(ACTIVITY)
Please give back the listing below word for word and drop any images.

DATASET SECTION START

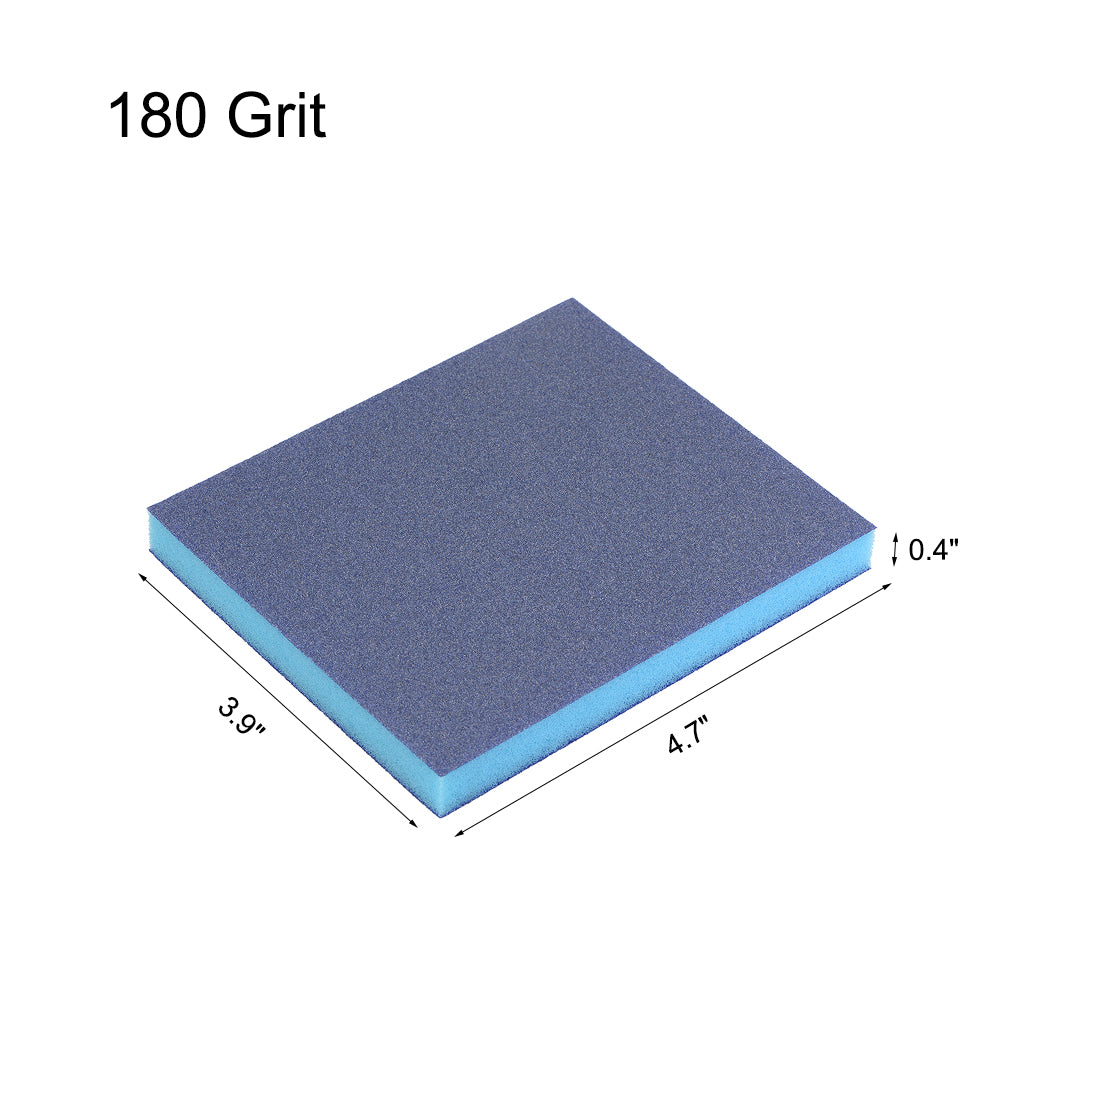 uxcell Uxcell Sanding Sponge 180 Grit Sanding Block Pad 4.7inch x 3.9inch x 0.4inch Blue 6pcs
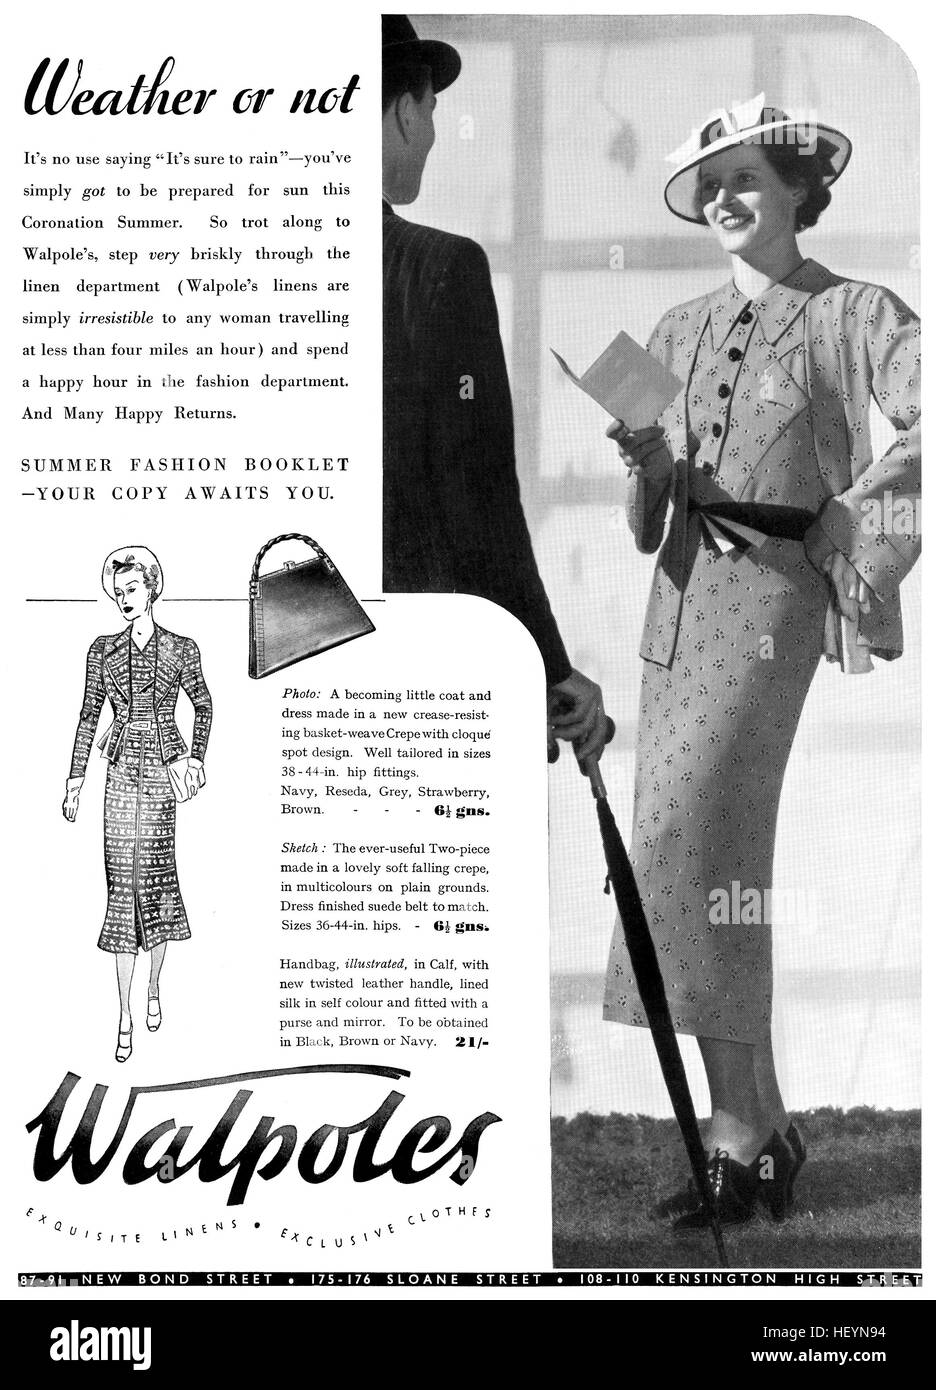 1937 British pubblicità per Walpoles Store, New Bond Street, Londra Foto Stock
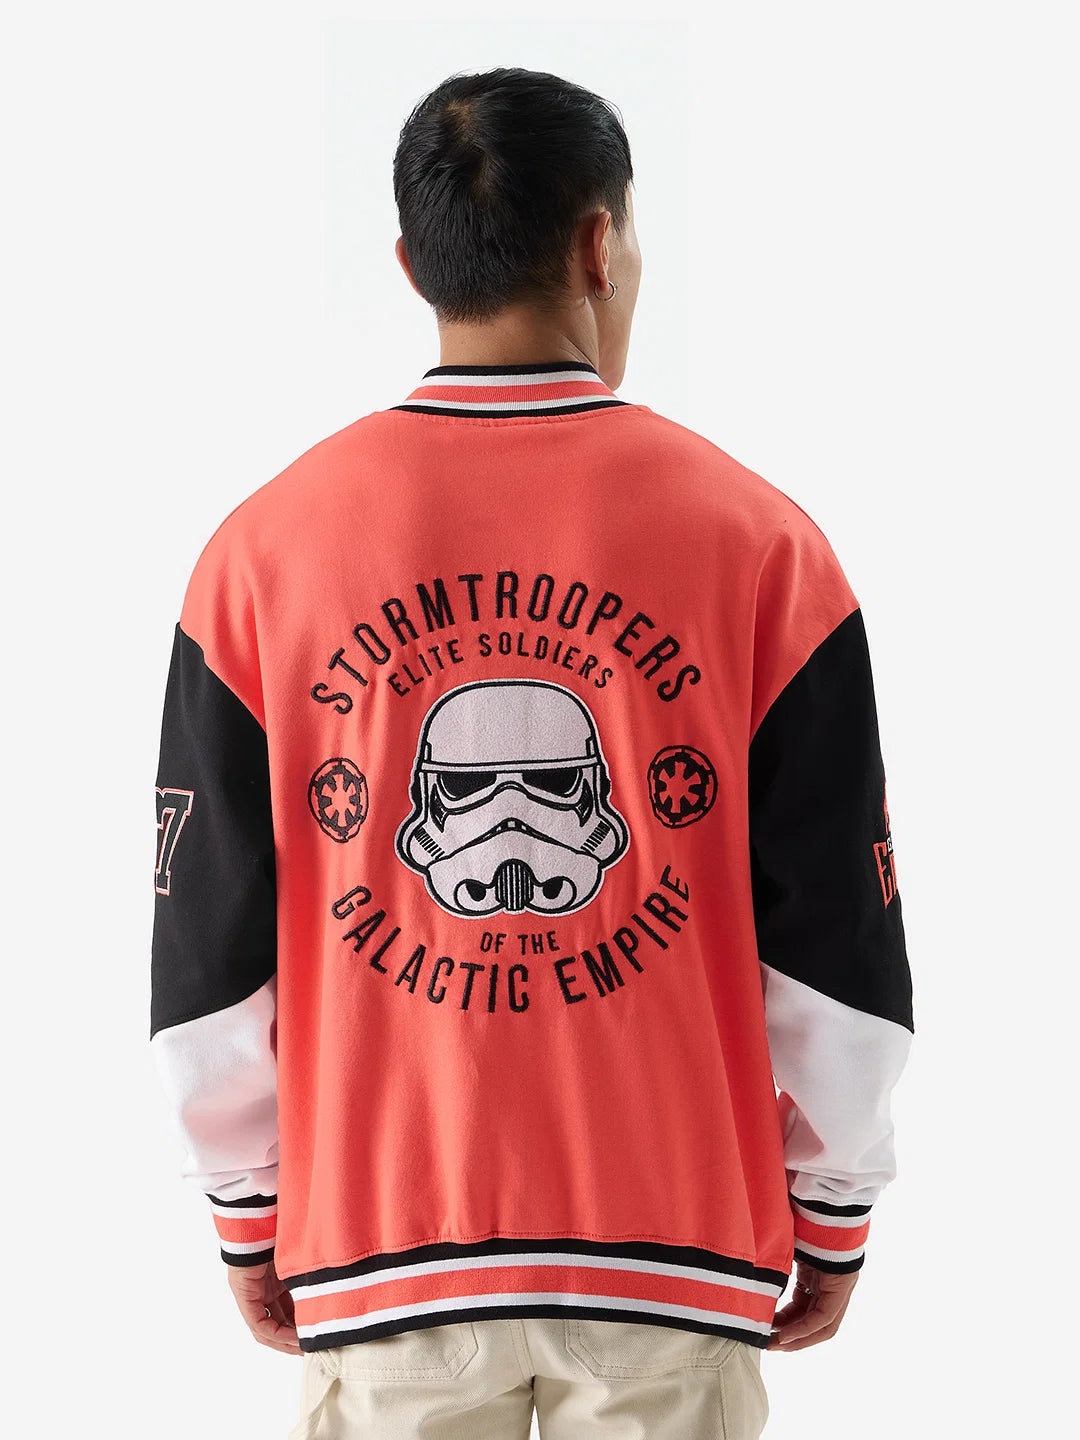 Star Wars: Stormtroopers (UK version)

DATASET SECTION END

(YOUR RESPONSE)
 uxcell Uxcell Sanding Sponge 180 Grit Sanding Block Pad 4.7inch x 3.9inch x 0.4inch Blue 6pcs
 1937 British pubblicità per Walpoles Store, New Bond Street, Londra Foto Stock
 Star Wars: Stormtroopers (UK version)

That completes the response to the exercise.